/answer-analysis

Primary LanguagePythonMIT LicenseMIT

Answer Analysis and Theme Generation

This project analyse text for most common keywords found in a paragraph. This can be a combination of students' answers as one long paragraph. The python code analyze the data and return defined no of themes consisting of defined no of words in each theme. You can provide stop words that you wish to exclude from the result such as "of", "the", "are" etc. It also generates json data for Arborjs to display the connection between these themes i.e. most common words used between themes and Tag clouds.

Getting Started

Clone the repo.
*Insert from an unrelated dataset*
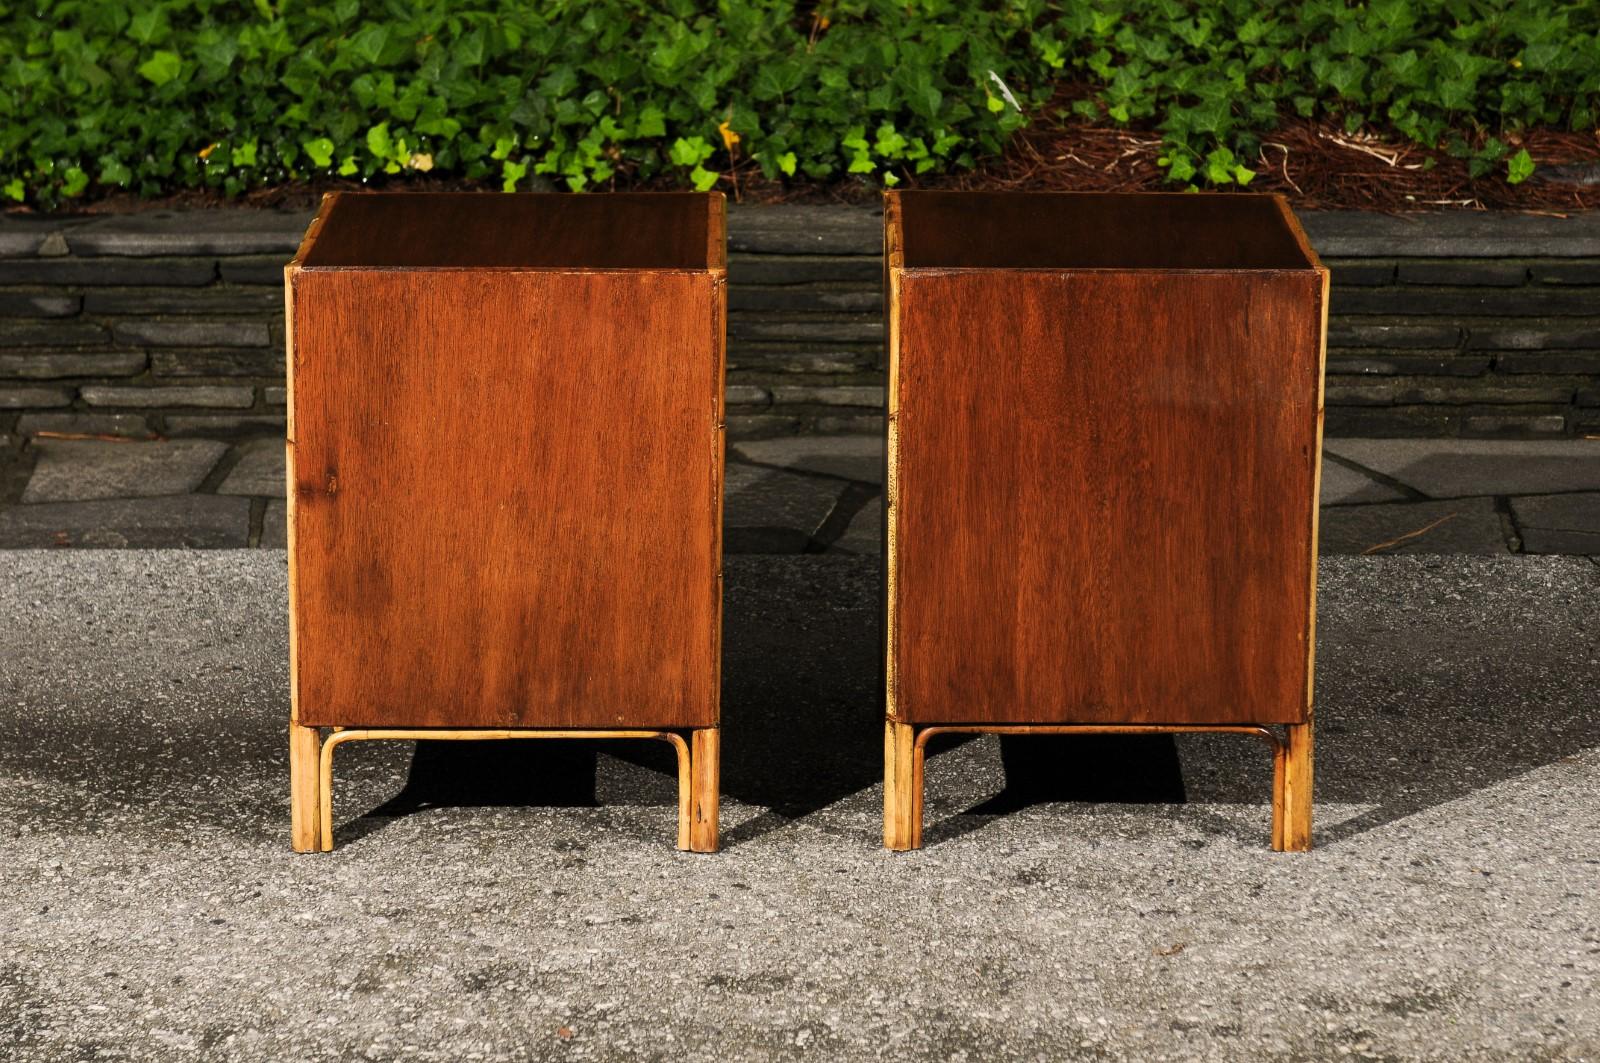 Magnificent Restored Mahogany and Rattan End Tables, Philippines, circa 1950 For Sale 5

Post data to return Themes, Arbor json and Tag Clouds parameters: themeData: json data of answers with answers, questionIDs stopwords: json data of stop words return data in json for Themes, Arbor Js and Tag Clouds

Prerequisites

  • Python 2.7

Installing

  1. Clone the repo
  2. Install the dependencies
    $ python -m pip install -r requirements.txt
  1. Run the tests

Running the tests

    cd src/
    python -m tests.test

Break down into end to end tests

Using Python in-built unittest. These test is to check basic functionality of this project

  1. Strip tags function - this function should strip any html tags and return text
test_clean_html_tags2(self):
    self.assertEqual( remove_html_tags('<table><tr><td>test</td></tr><table>'), 'test')
  1. find themes function - this function should evaluate words and return common keywords in form of Themes
def test_find_themes(self):
    nothemes = 2
    wordlist = ""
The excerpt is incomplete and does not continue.